48

(New SQLAlchemy user alert) I have three tables: a person, the persons hourly rate starting at a specific date, and daily time reporting. I am looking for the correct way to have the cost for a Time base off of the persons hourly rate on that day.

Yes, I could compute the value at the time of creation and have that as part of the model, but think of this as an example of summarizing more complex data behind the curtain. How do I compute the Time.cost? Is it a hybrid_propery, a column_property or something completely different?

class Person(Base):
    __tablename__ = 'person'
    personID = Column(Integer, primary_key=True)
    name = Column(String(30), unique=True)

class Payrate(Base):
    __tablename__ = 'payrate'
    payrateID = Column(Integer, primary_key=True)
    personID  = Column(Integer, ForeignKey('person.personID'))
    hourly    = Column(Integer)
    starting  = Column(Date)
    __tableargs__ =(UniqueConstraint('personID', 'starting',
                                     name='uc_peron_starting'))

class Time(Base):
    __tablename__ = 'entry'
    entryID  = Column(Integer, primary_key=True)
    personID = Column(Integer, ForeignKey('person.personID'))
    workedon = Column(Date)
    hours    = Column(Integer)

    person = relationship("Person")

    def __repr__(self):
        return "<{date} {hours}hrs ${0.cost:.02f}>".format(self, 
                      date=self.workedon.isoformat(), hours=to_hours(self.hours))

    @property
    def cost(self):
        '''Cost of entry
        '''
        ## This is where I am stuck in propery query creation
        return self.hours * query(Payrate).filter(
                             and_(Payrate.personID==personID,
                                  Payrate.starting<=workedon
                             ).order_by(
                               Payrate.starting.desc())
Ilja Everilä
  • 50,538
  • 7
  • 126
  • 127
Frustrated
  • 772
  • 1
  • 8
  • 16

2 Answers2

127

The problem you have here, to solve as elegantly as possible, uses very advanced SQLAlchemy techniques, so I know you're a beginner, but this answer is going to show you all the way out to the end.
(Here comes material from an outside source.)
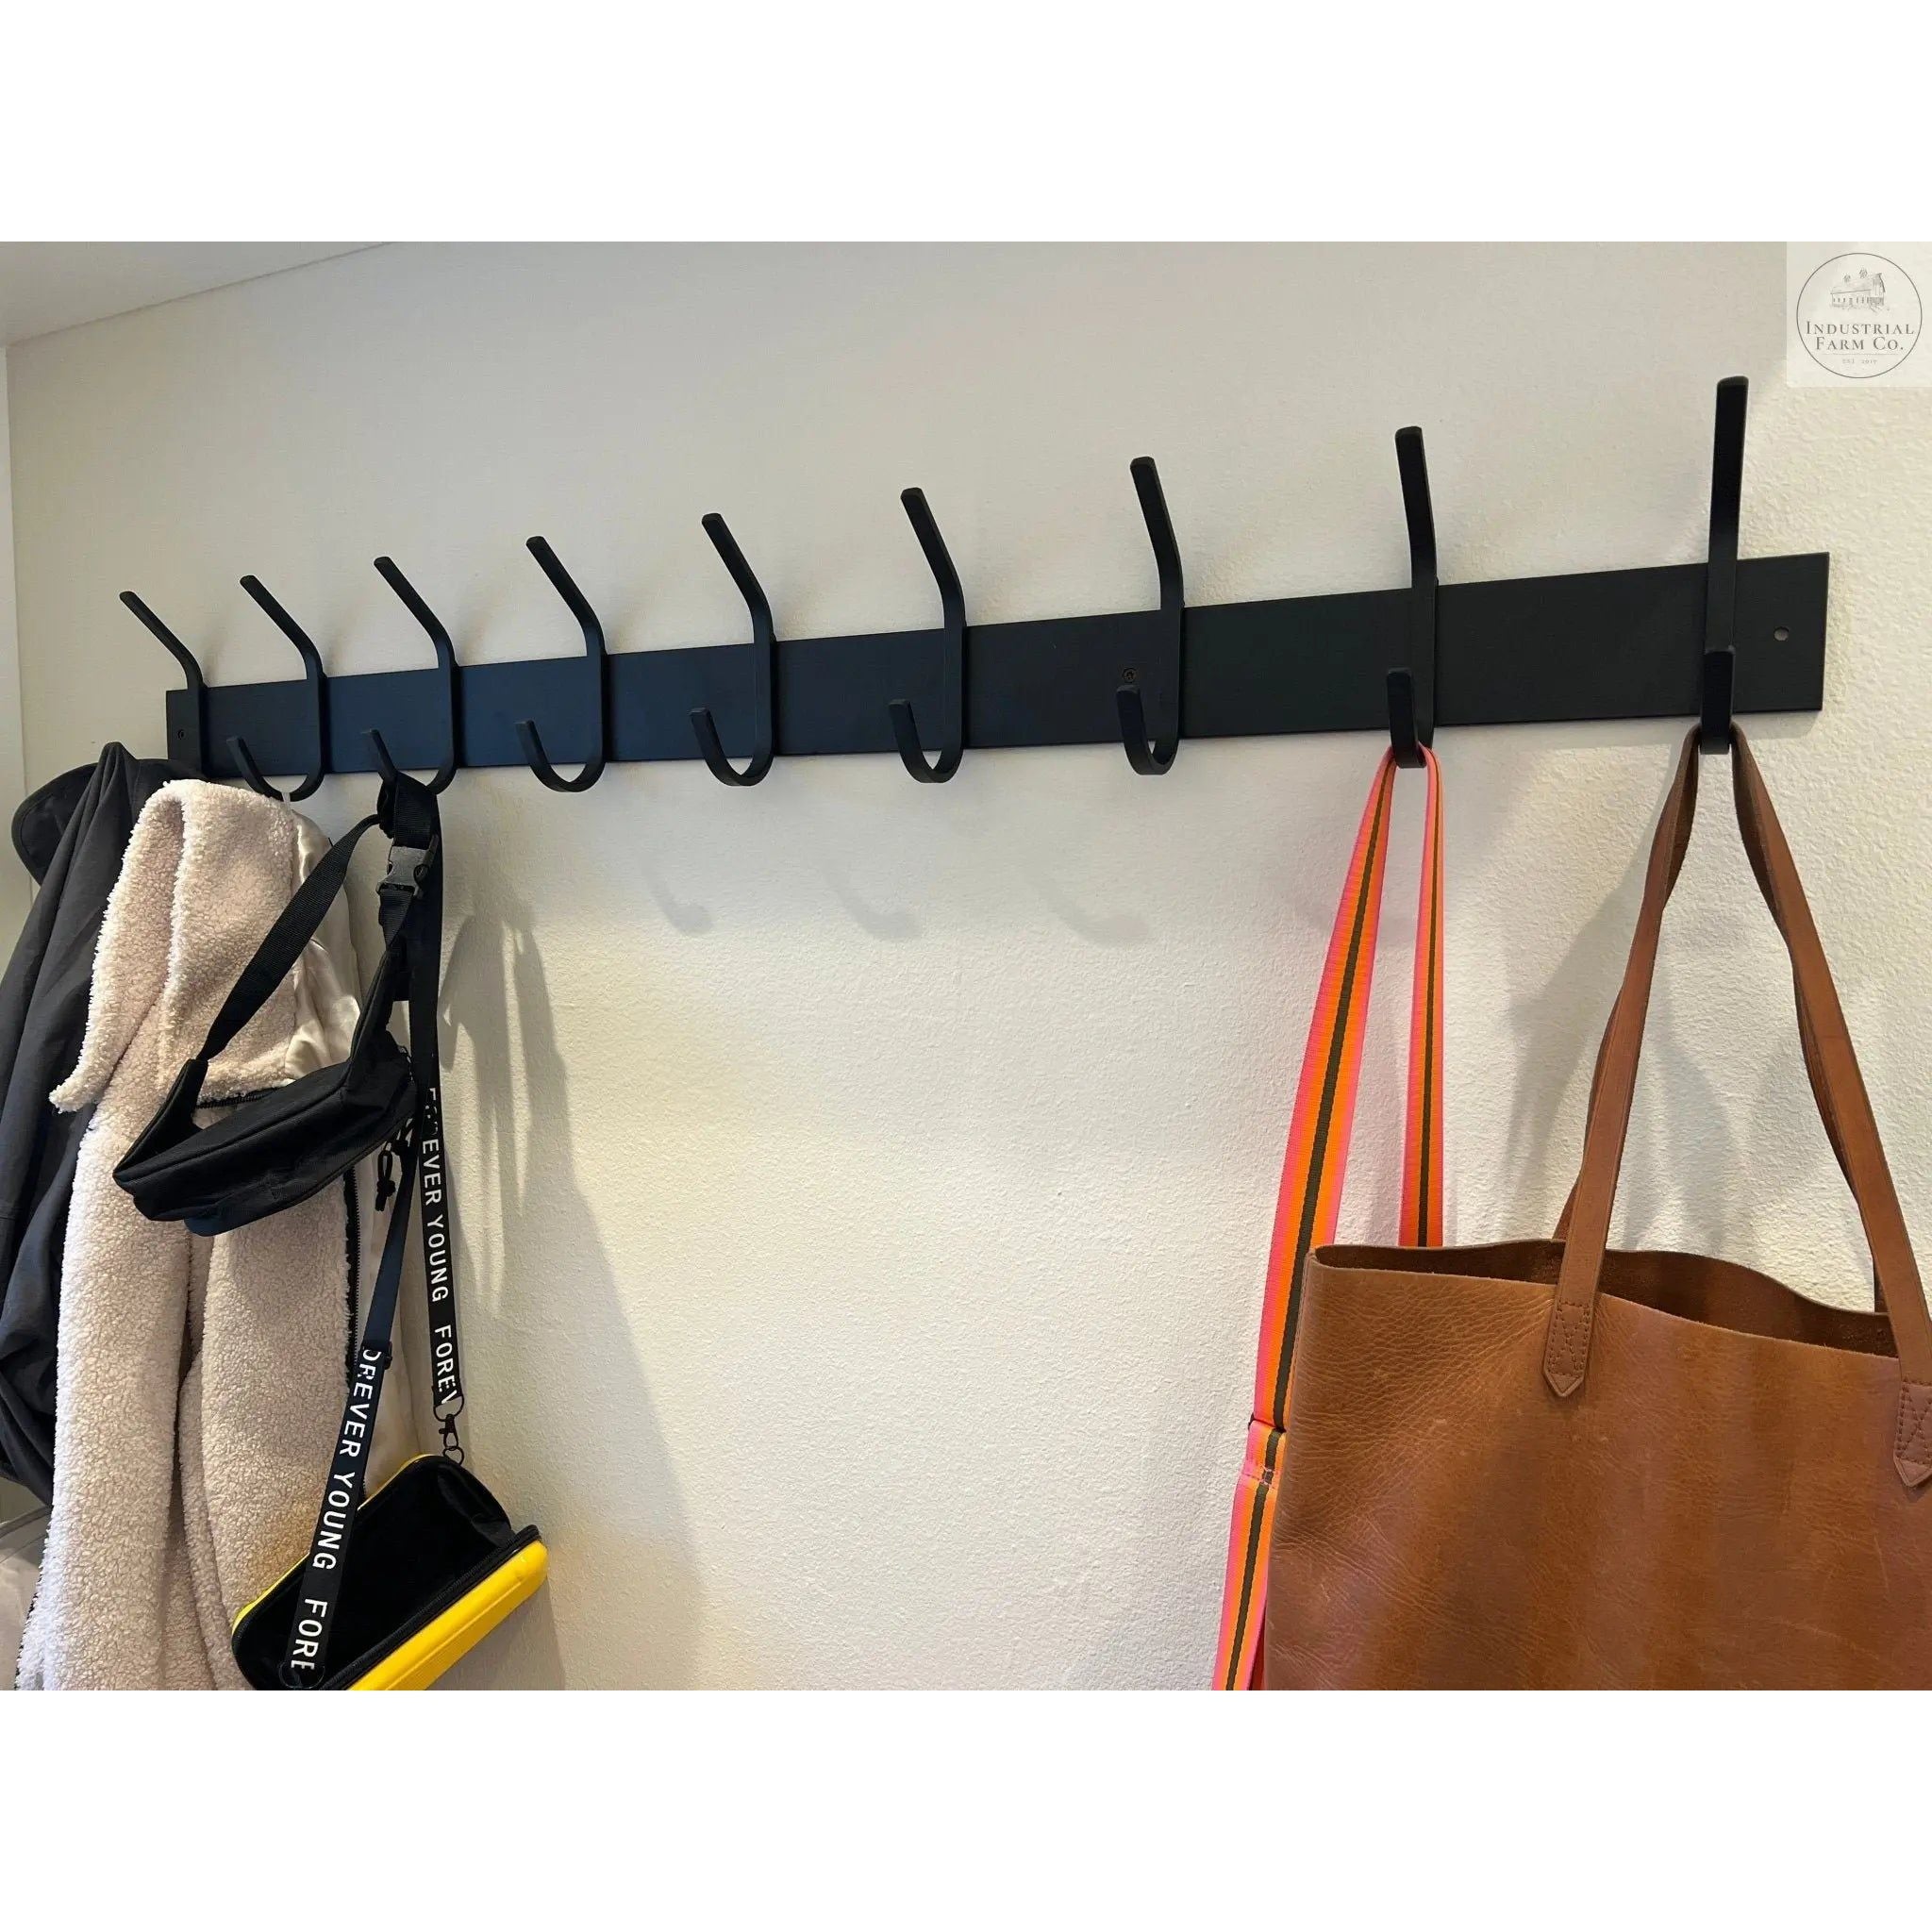 Rustic Shelf with Industrial Hanger - Pot Rack - Coat Hanger

However, solving a problem like this requires walking through one step at a time, and you can get the answer you want in different ways as we go through.
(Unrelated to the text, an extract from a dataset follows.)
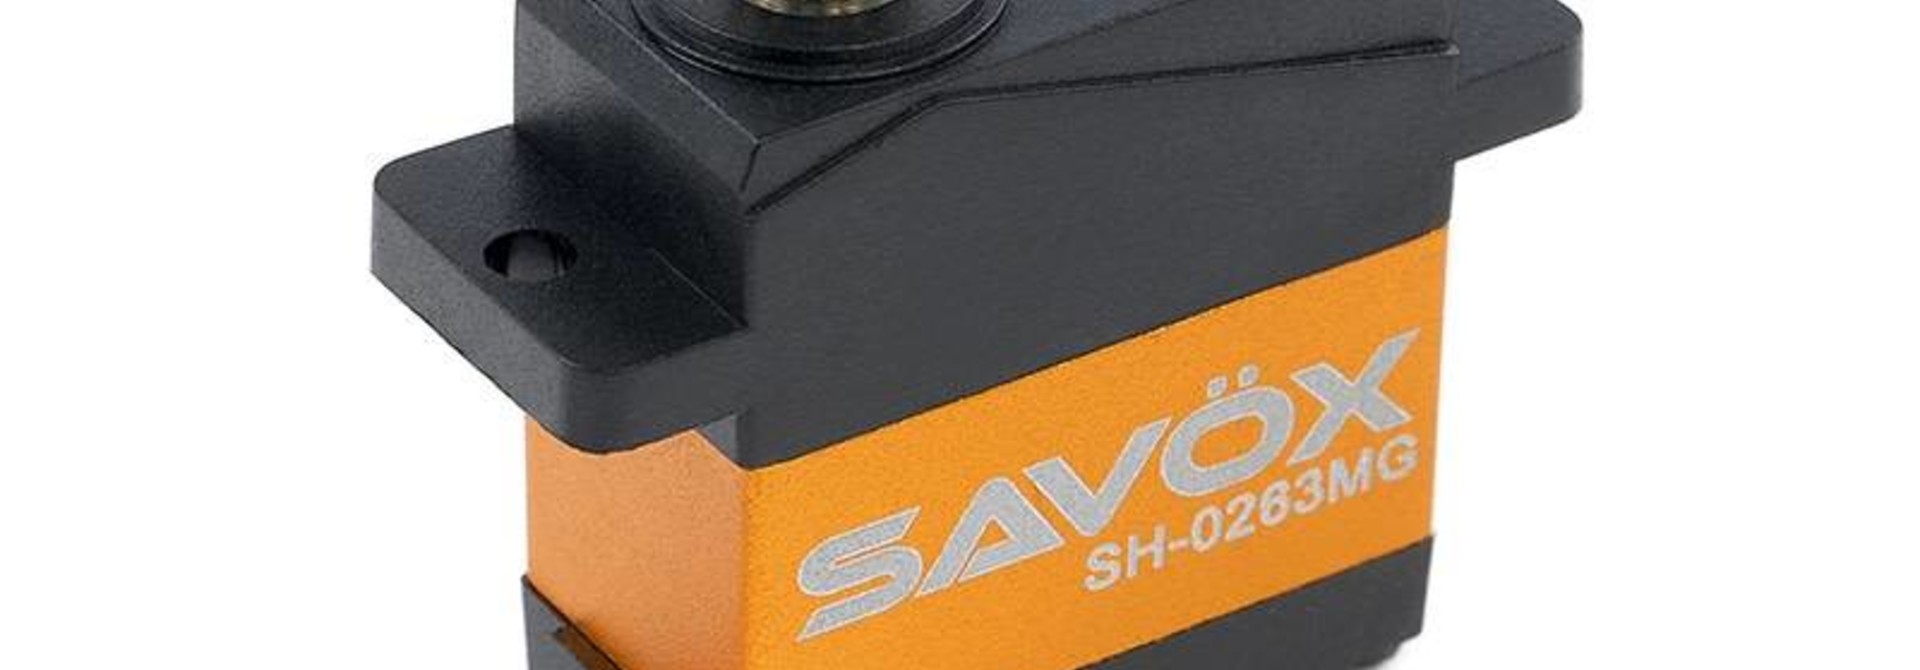 Savox - Servo - SH-0263MG - Digital - DC Motor - Metaal tandwielen

Before you get into how to hybrid this or whatever, you need to think about the SQL. How can we query for Time.cost over an arbitrary series of rows? We can link Time to Person cleanly because we have a simple foreign key. But to link Time to Payrate, with this particular schema is tricky, because Time links to Payrate not just via person_id but also via workedon - in SQL we'd join to this most easily using "time.person_id = person.id AND time.workedon BETWEEN payrate.start_date AND payrate.end_date". But you don't have an "end_date" here, which means we have to derive that also. That derivation is the trickiest part, so what I came up with starts like this (I've lowercased your column names):

SELECT payrate.person_id, payrate.hourly, payrate.starting, ending.ending
FROM payrate LEFT OUTER JOIN
(SELECT pa1.payrate_id, MIN(pa2.starting) as ending FROM payrate AS pa1
JOIN payrate AS pa2 ON pa1.person_id = pa2.person_id AND pa2.starting > pa1.starting
GROUP BY pa1.payrate_id
) AS ending ON payrate.payrate_id=ending.payrate_id

There might be other ways to get this, but that's what I came up with - other ways would almost certainly have some similar kind of thing going on (i.e. subqueries, joins).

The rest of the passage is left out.